Dahlgren puso cara de ingenuo y sacudió la cabeza.
—De acuerdo, ¿de qué va todo esto? —preguntó Pitt, perdiendo la paciencia.
—Es cosa de Jack —dijo Gunn—. Digamos que nos ha salvado el día.
—Dirás que te ha salvado el culo —lo corrigió Giordino con una sonrisa.
Quitó el papel de aluminio del cuello de la botella y la descorchó. Cogió los vasos de Dahlgren y sirvió la bebida.
—Se trata de la piedra —intentó explicar Rudi.
—La piedra… —repitió Pitt con creciente suspicacia.
—Una de las muestras de la chimenea hidrotermal que encontramos más allá de Alaska —intervino Giordino—, antes de todo aquel embrollo del laboratorio canadiense. Guardamos todas las muestras en una bolsa que Rudi debía traer aquí para analizar. Pero se dejó la bolsa en el Narwhal cuando se marchó a Tuktoyaktuk.
—Recuerdo aquella bolsa —dijo Pitt—. Casi tropezaba con ella cada vez que entraba en el puente.
—Tú y yo —murmuró Dahlgren.
—¿Todavía está en el puente? —preguntó Pitt.
—Estaba y está —contestó Giordino—. Está en el Narwhal, en el fondo del estrecho de Victoria.
—Eso sigue sin explicar a qué viene el champán.
—Al parecer, nuestro buen amigo Jack encontró una piedra en el bolsillo cuando llegó a casa —dijo Gunn.
—Te aseguro que no soy cleptómano —afirmó Dahlgren con una sonrisa—. Pero también tropecé con aquella bolsa y recogí una de las piedras que habían caído. Me la guardé en el bolsillo sin pensarlo. Me olvidé de ella hasta que me cambié de ropa en el Santa Fe y me dije que valdría la pena guardarla.
—Una decisión muy sabia —apuntó Rudi.
—La llevé al laboratorio de geología la semana pasada, para que la analizasen, y me han llamado esta mañana con los resultados.
Rudi sacó la muestra y la deslizó sobre la mesa. Pitt la recogió y de inmediato le llamó la atención el peso y el color plata mate. Se le aceleró el corazón al recordar las mismas características en la muestra que le había dado el viejo geólogo de la cooperativa minera.
—A mí no me parece que sea oro —comentó al trío, atento a su reacción.
Los tres hombres se miraron los unos a los otros y sonrieron. Fue Giordino quien respondió.
—¿Qué te parece, rutenio?
Los ojos de Pitt se iluminaron cuando se irguió en la silla. Observó la piedra con atención y luego miró a Rudi.
—¿De verdad? —preguntó en voz baja.
—Sí, y de alta calidad.
—¿Cómo sabemos si se encuentra en cantidad?

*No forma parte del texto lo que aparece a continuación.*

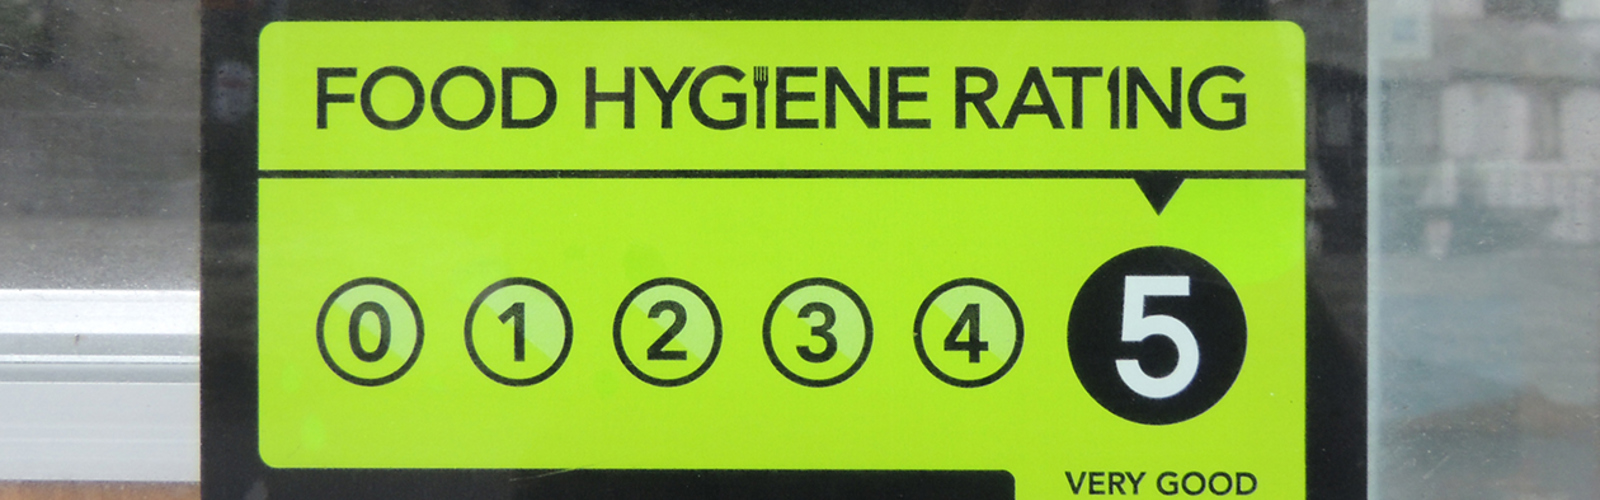 Food hygiene rating scheme sticker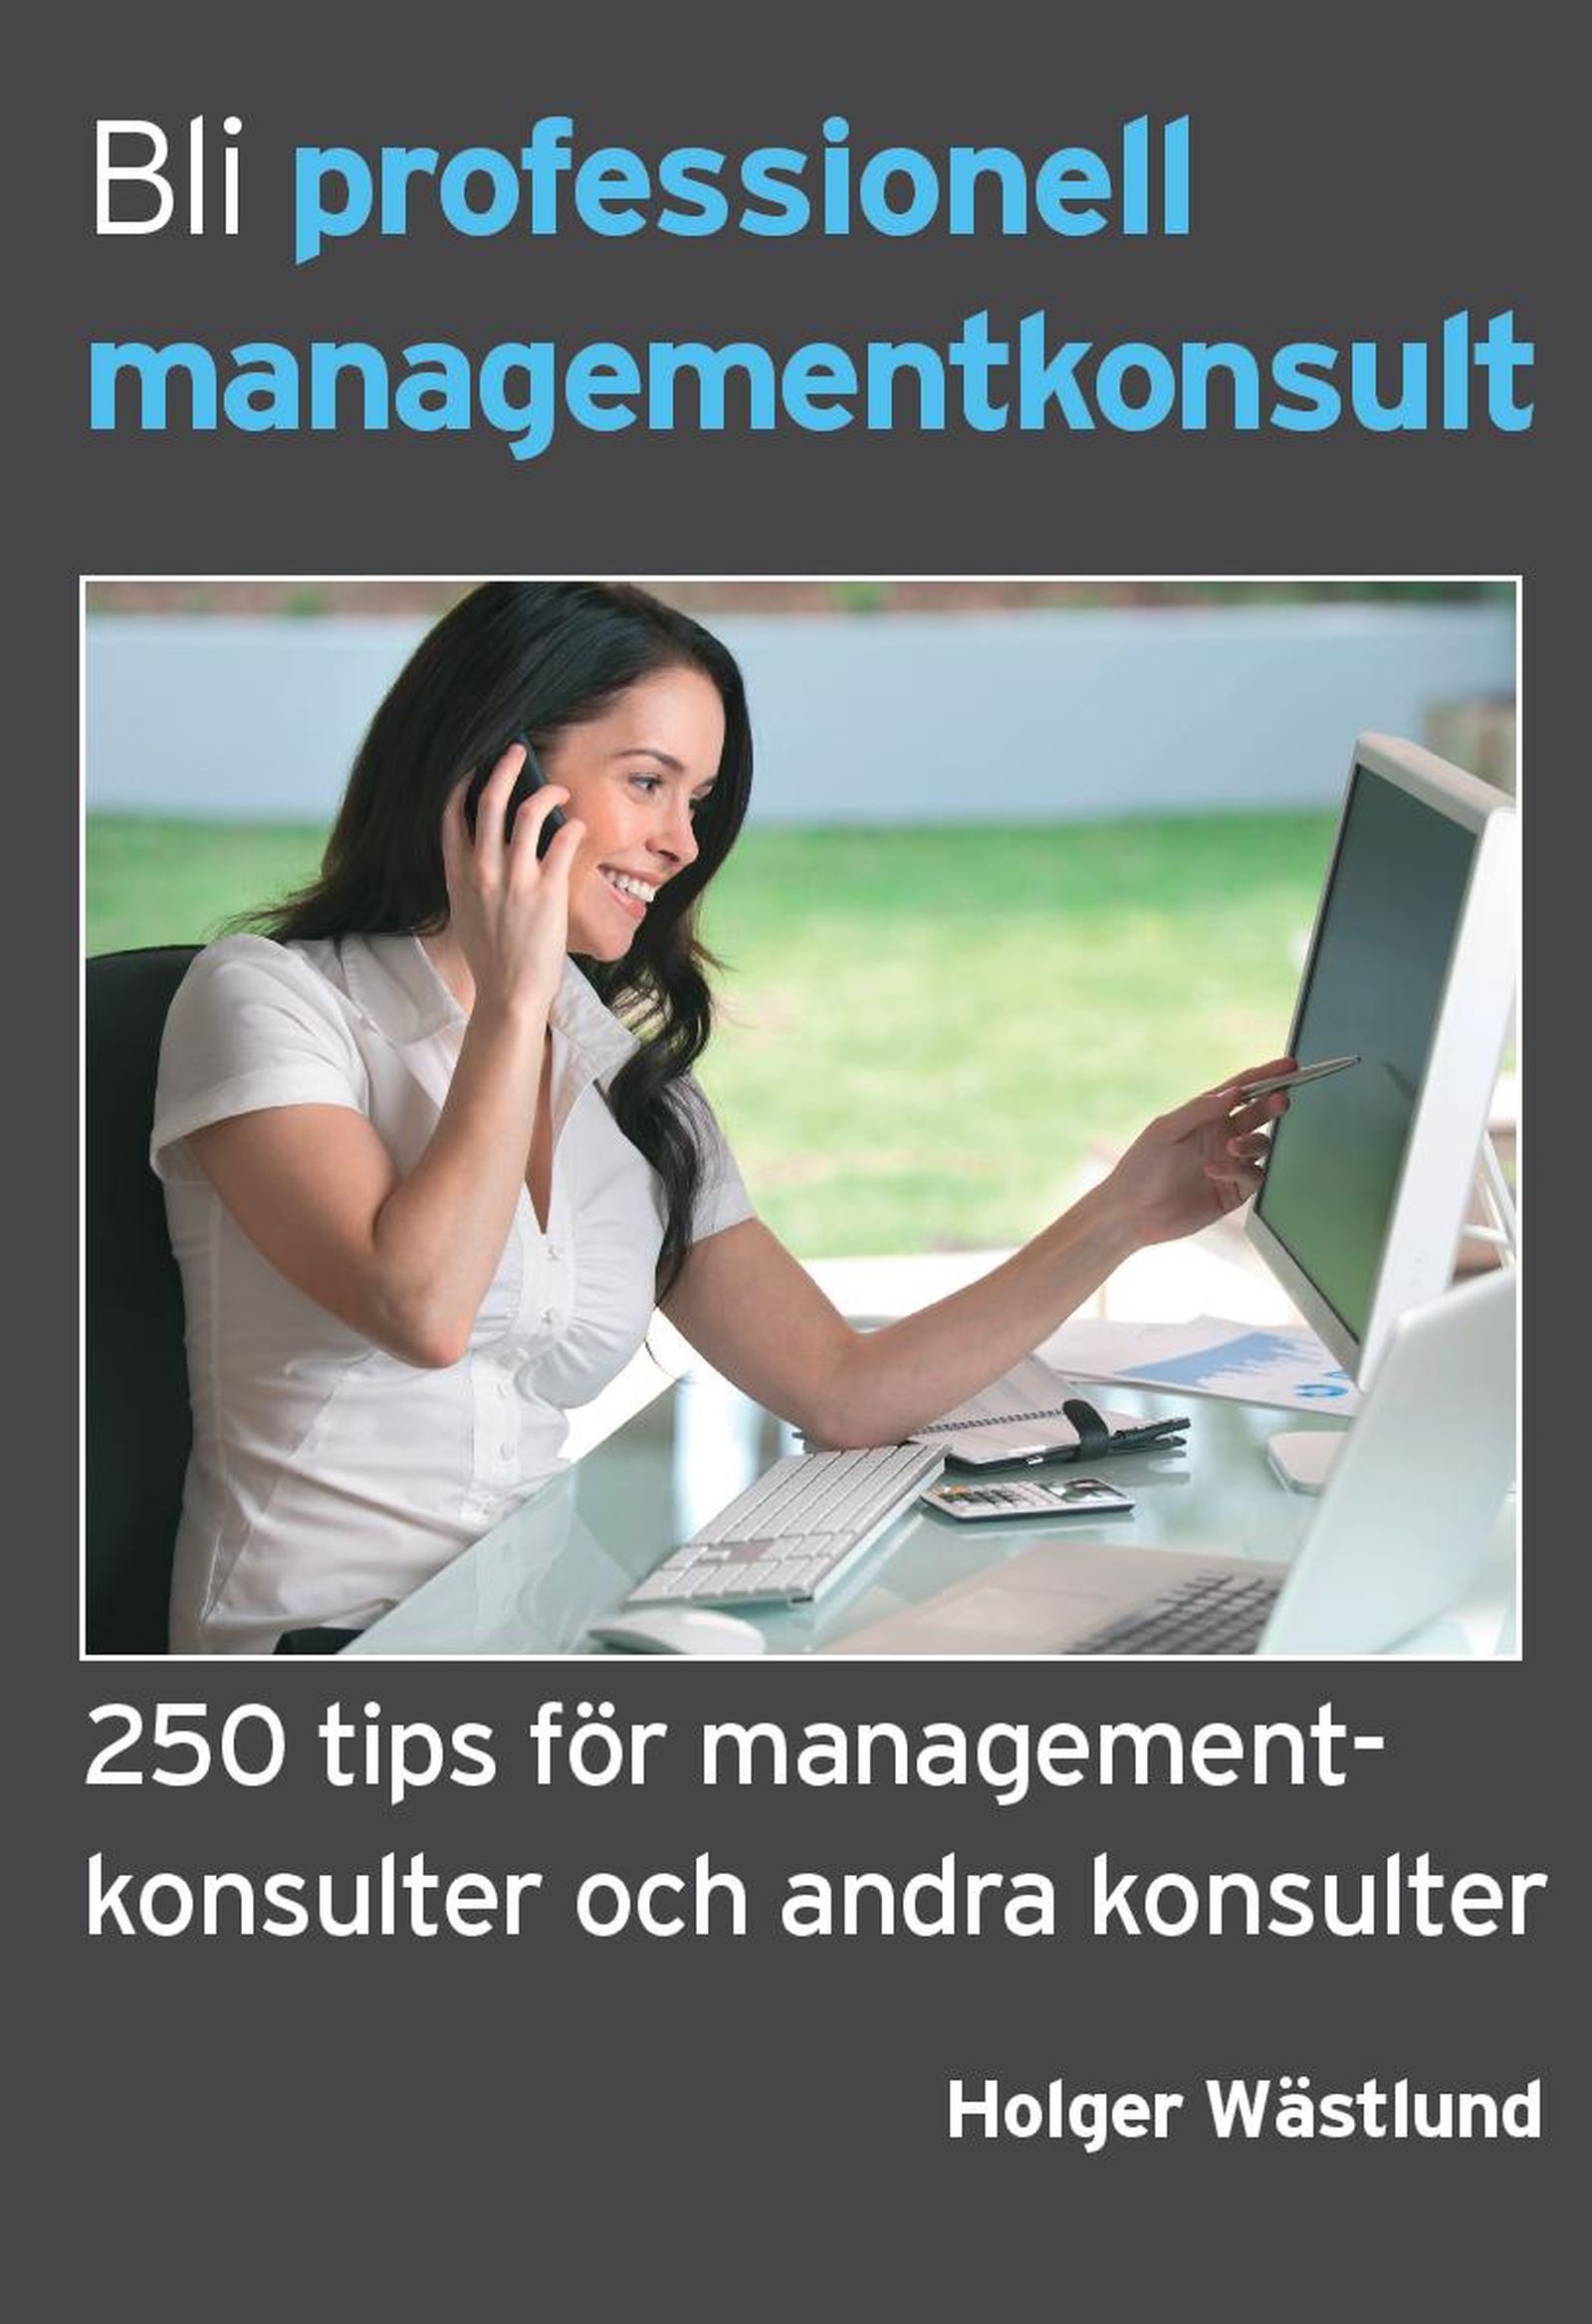 Bli professionell managementkonsult - 250 tips för managementkonsulter och andra konsulter, e-bok av Holger Wästlund

—Buscamos los registros de los sensores del Bloodhound y echamos una segunda mirada. Aunque no está configurado para detectar el rutenio, identifica los grupos que contienen platino. Si hemos de creer a los sensores, la chimenea hidrotermal tiene más platino y derivados del platino a su alrededor que oro en Fort Knox. No hay duda de que una significativa cantidad del mineral alrededor de la chimenea es rutenio.
Pitt no podía creer la noticia. Sintió como si le hubieran puesto una inyección de adrenalina. Su rostro se iluminó, y el brillo reapareció en sus inteligentes ojos verdes.
—Enhorabuena, jefe —dijo Rudi—. Tienes tu propia mina de rutenio a trescientos metros bajo el mar.
Pitt sonrió a sus compañeros y cogió uno de los vasos.
—Creo que brindaré por eso —dijo, y levantó el vaso en un brindis con los demás.
Después de beber un sorbo, Dahlgren miró su vaso y asintió.
—Sabéis una cosa —dijo con su lento deje texano—, esto es casi tan bueno como una Lone Star.